ジェンダー(実話)(おススメ度★)

* 一部残酷な表現があります


みなさんは自分の性別について考えたことはあるだろうか。

 なぜ、男なのか。女なのか・・・。

 ジェンダーというのは社会・文化的な性別で、生まれながらの性別とは別の概念だ。


 俺は自分の性別について考えたことが全くない・・・。

 思考の浅い人間だからかもしれない。

 もし、女に生まれたら生まれたで、主婦になったりとそれなりにやっている気がしている。

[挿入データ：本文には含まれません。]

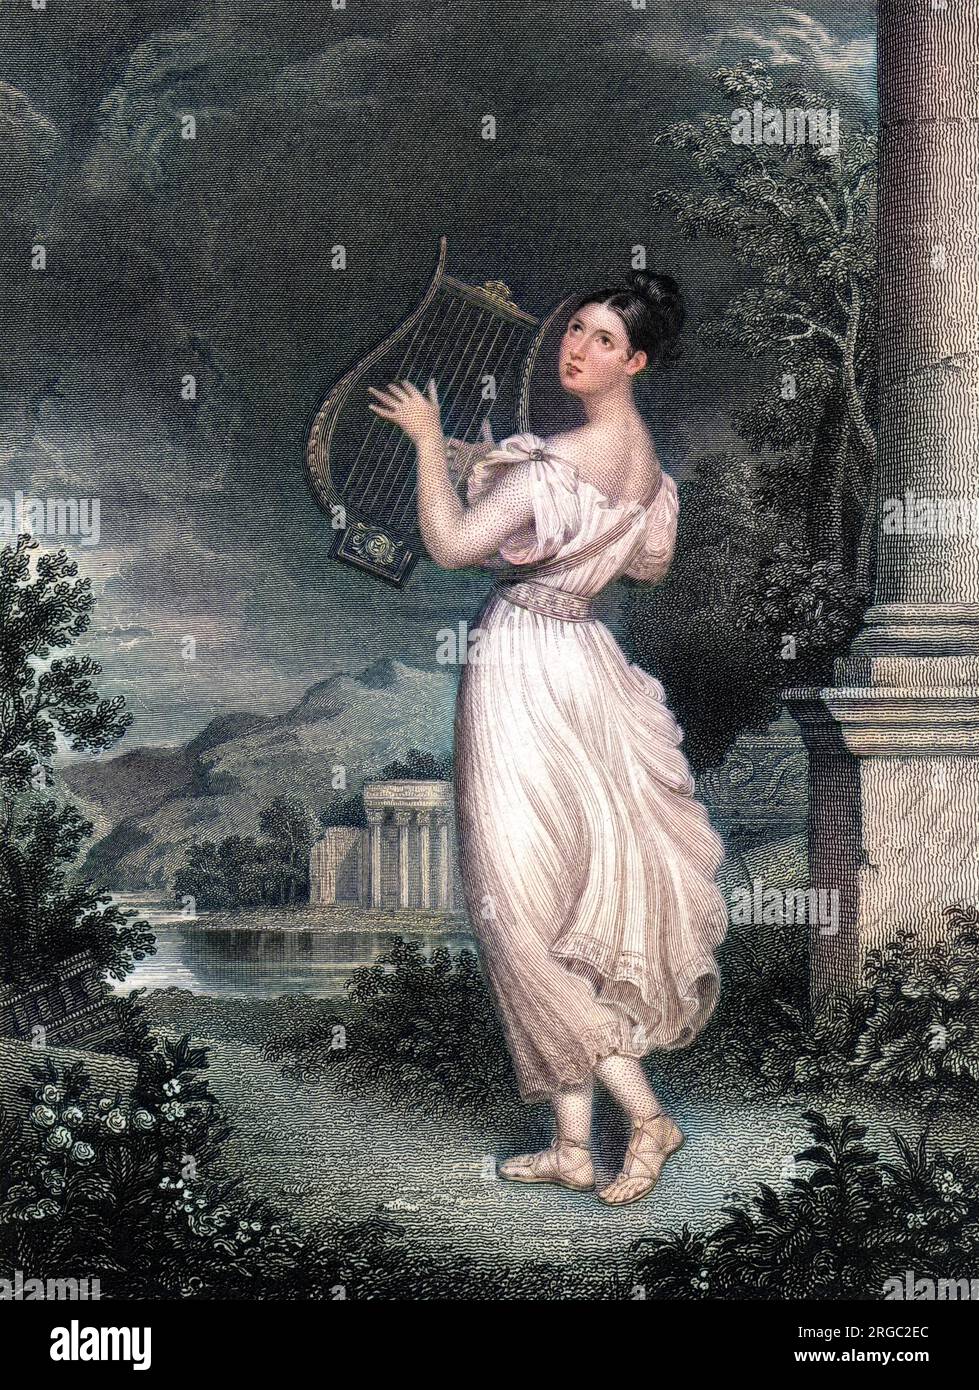 ELIZABETH Gräfin von HARRINGTON (Neongrün), Ehefrau von Leicester Stanhope, Fünfter graf: Sie wird romantisch dargestellt, wie sie ihre Lyre im Mondlicht stampft. Stockfoto

 しかし、仮に男の体で女として育てられたら・・・男が女装しているような異世界転生でもない限りは、違和感を覚えるだろうと思う。女として育てられている事情にもよるが、男になろうと奮闘するかもしれない。


 それに対して、女が男の子のように育てられたとしても、男ほどには違和感を感じない気がする。ボーイッシュな女の子は、男女どちらから見ても魅力的だし、女は化粧したりすればすぐに女らしくなれる。それに対して、女のように育てられた男は、オカマと呼ばれていじめられ、女ほどすぐに男社会に適応できない気がする。


 カナダにデイヴィッド・ライマーという男性がいた。

 彼は一卵性双生児だった。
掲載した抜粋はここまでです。